If Quebec refuses to protect the habitat of the species, the Innu Council of Pessamit promises that it “will go to court to defend its rights and the government must respect its obligations towards the First Nation”.

“The caribou thus represents a vital component of the Innu culture, and its decline represents a cultural loss with inestimable consequences”, says Bryan Mark, the Chief Bearer of the Innu Nation.

Mr. Vollant made an announcement after attending a special session of the Independence Commission on woodland caribou that he studied two scenarios by the Commission which was “catastrophic”.The caribou for the Innu say that it is a protection of the forest massifs.

Finally, surrounded by logging, a herd of caribou in Pipmuacan, Côte-Nord and Saguenay–Lac-Saint-Jean, risks being the next to disappear.

To save the caribou, the Innu Council of Pessamit wants to protect the last forest “caribou” massifs to finally preserve the cuts in the forest industry.

It’s important to understand that Gaspesie and Charlevoix caribou are on the brink of extinction.

The mountain caribou of Gaspesie, which is the last population of this species living south of St.
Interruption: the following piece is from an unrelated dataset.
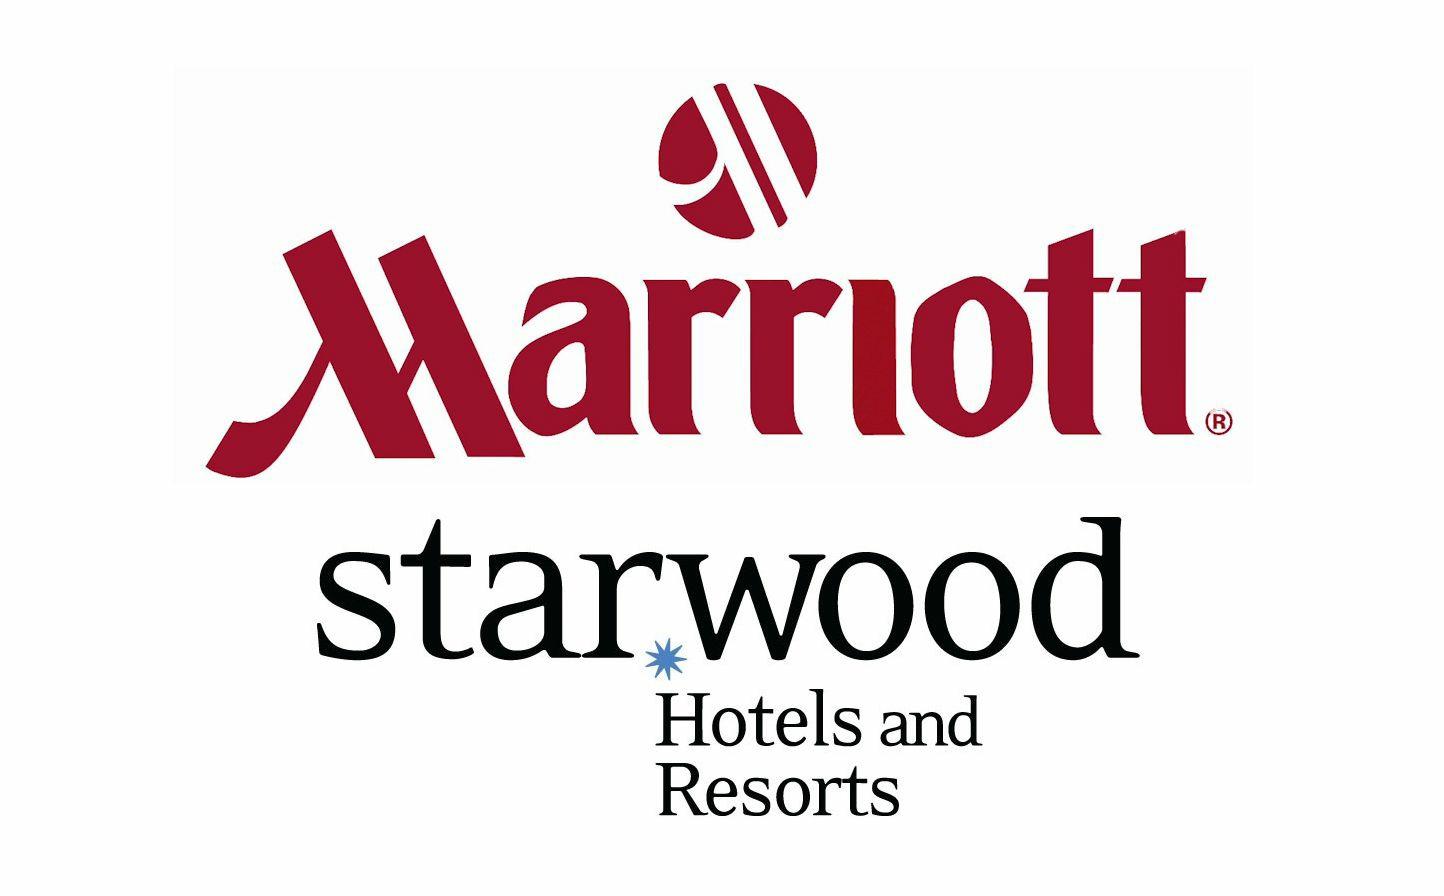 Marriott+Starwood

Lawrence, which is nearly 32 to 36 animals, was published Thursday by the (MFFP) which is the Ministry of Forests, Wildlife and Parks.  In 2019, they assessed an average of 40 animals of this species and in 2017 nearly 70 animals.  It is a shadow to see very well that this species decreases and wants to act as quickly as possible. 

However, the Innu communities of Essipit, on the North Shore, and Mashteuiatsh, in Lac-Saint-Jean, want to have legal recourse to go to the Superior Court to denounce Quebec, which did not consult them during their development of any protection plans for woodland caribou and their natural habitat.

However, according to the Innu Council of Pessamit, the Innu Council Takuaikan Uashat mak Mani-Utenam (ITUM) and the Assembly of First Nations Quebec-Labrador, set up an independent commission on woodland caribou this deer species at the end of 2021 to have a way for the government to buy time and better protect the last forest habitats that are essential to the survival of deer.

Protected areas for the habitat of caribou for their survival, the Innu Council of Pipmuacan proposed an area of ​​2761 square kilometres of caribou territory near 150 km northeast of the city of Saguenay. 

“Every minute that passes, a tree is felled, and that endangers the caribou,” summarized Jérôme Bacon-St-Onge, vice-chief of the Council.